For a moment X was quiet. Actually, he was stunned because pregnant and human were not generally words that went together in Bas’s vocabulary. For all that he was a womanizer he usually stuck to shifters because he figured they were safer for whatever reasons he may have had. This was different, and the look he was giving X was even stranger.

“You got somebody knocked up?” X asked, trying to keep this conversation as light as possible.

Bas shook his head. “No, nothing like that. I was just thinking. You know with thousands of us here in the United States and spreading out across the country, it’s entirely possible that one of us would hook up with a human and a pregnancy could occur.”

X shrugged. “I don’t know. Nick’s mate is pregnant now and that’s strange enough. We’re all kind of just waiting to see what’s going to happen. I mean, shifter births are fairly common now or else we wouldn’t be here.
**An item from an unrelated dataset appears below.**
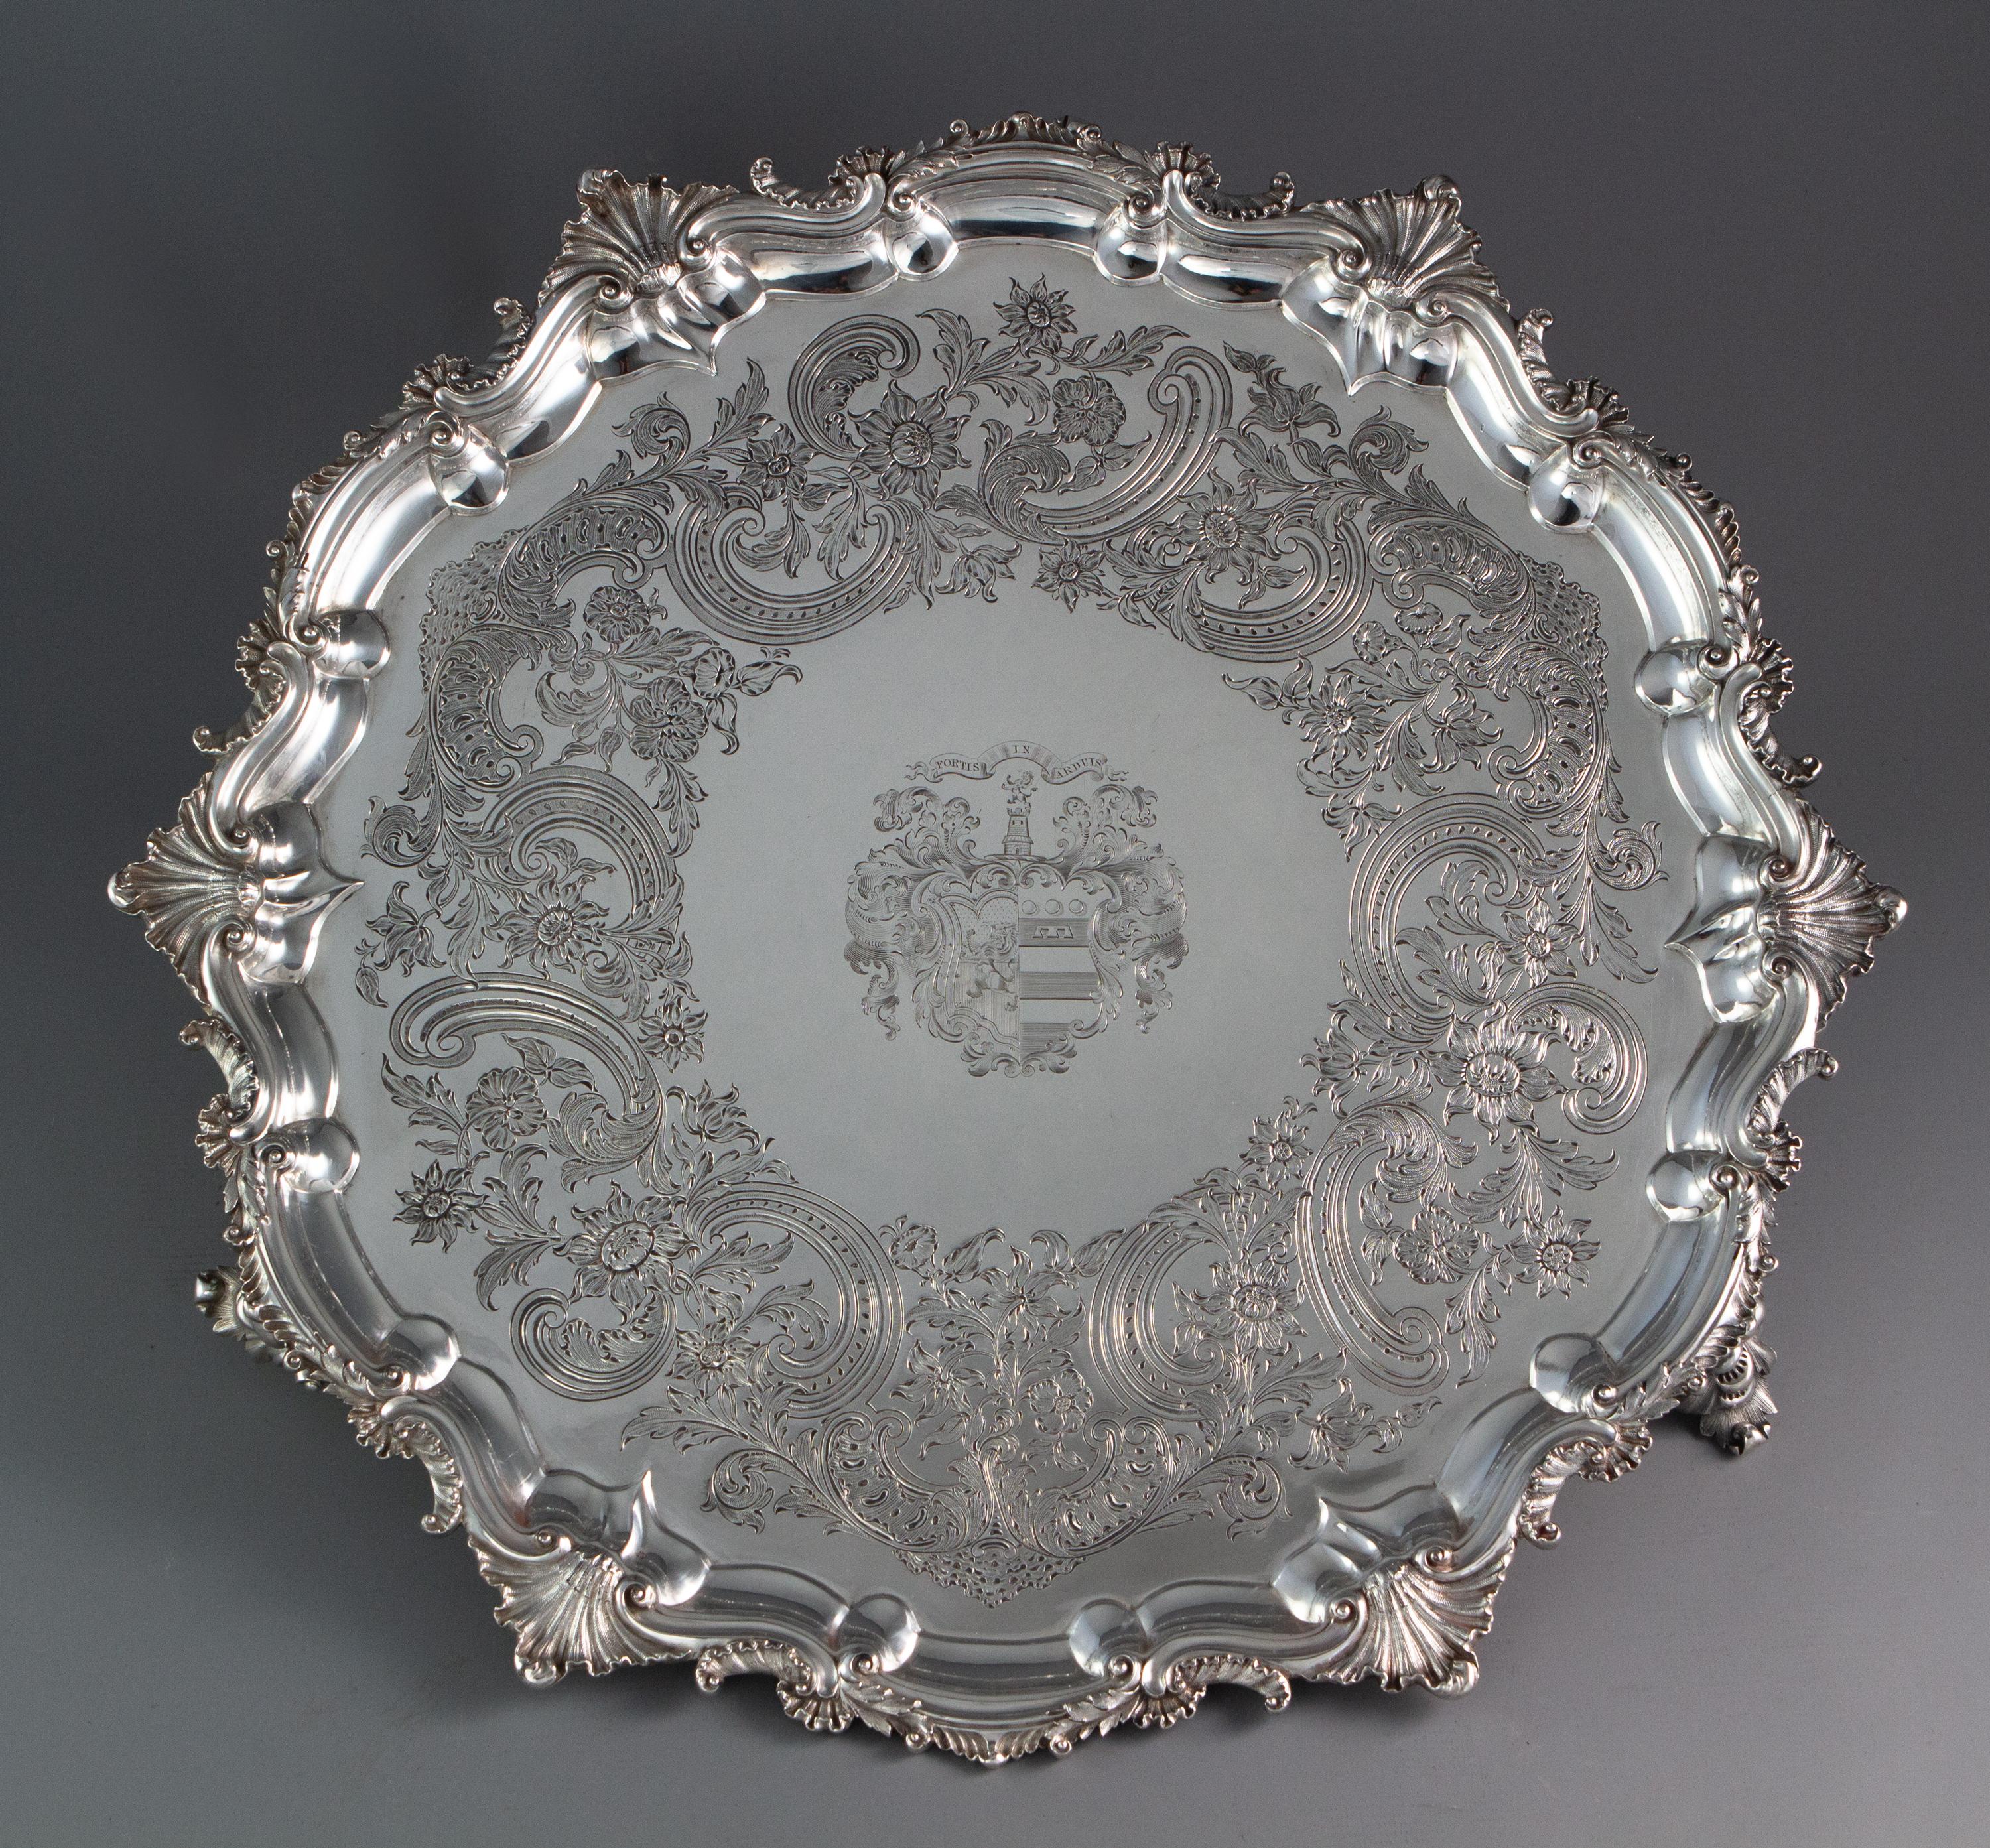 A very large and impressive Georgian silver salver by Paul Storr, London 1829. Of circular form with an ornately cast border, decorated with shells and acanthus motifs. Superbly engraved to the plate with a floral and foliate design, all standing on

But none of us has ever witnessed any.”

“Yeah, I don’t know what’s going on in my head,” Bas said rubbing a hand over his face. “So anyway, you and Caprise—where’s that going?”

“Nowhere” was X’s instant reply. “What I mean is there’s no mating or joining on the horizon.”

“You sure about that?” Bas asked skeptically.

“Come on, man, you know me.”

Bas nodded. “I do.”

“You and I are kind of alike. Commitment’s not on our agenda,” he replied, watching Bas carefully.

“Right. It’s not on my agenda. But you’re pretty damn protective of her.”

“She’s a female, Bas. And she’s Nick’s sister.”

“And she’s what to you?”

X stood. “She’s Nick’s sister and she’s a shifter. Damn right I’m going to protect her. As a matter of fact I’m going to go see what she’s doing and let her know we’ll be flying out in the morning.”

But as X opened the door Jewel was on the other side. The smile she gave X wavered as he figured he was probably scowling at her instead.

“Sorry, I was just leaving,” he told her.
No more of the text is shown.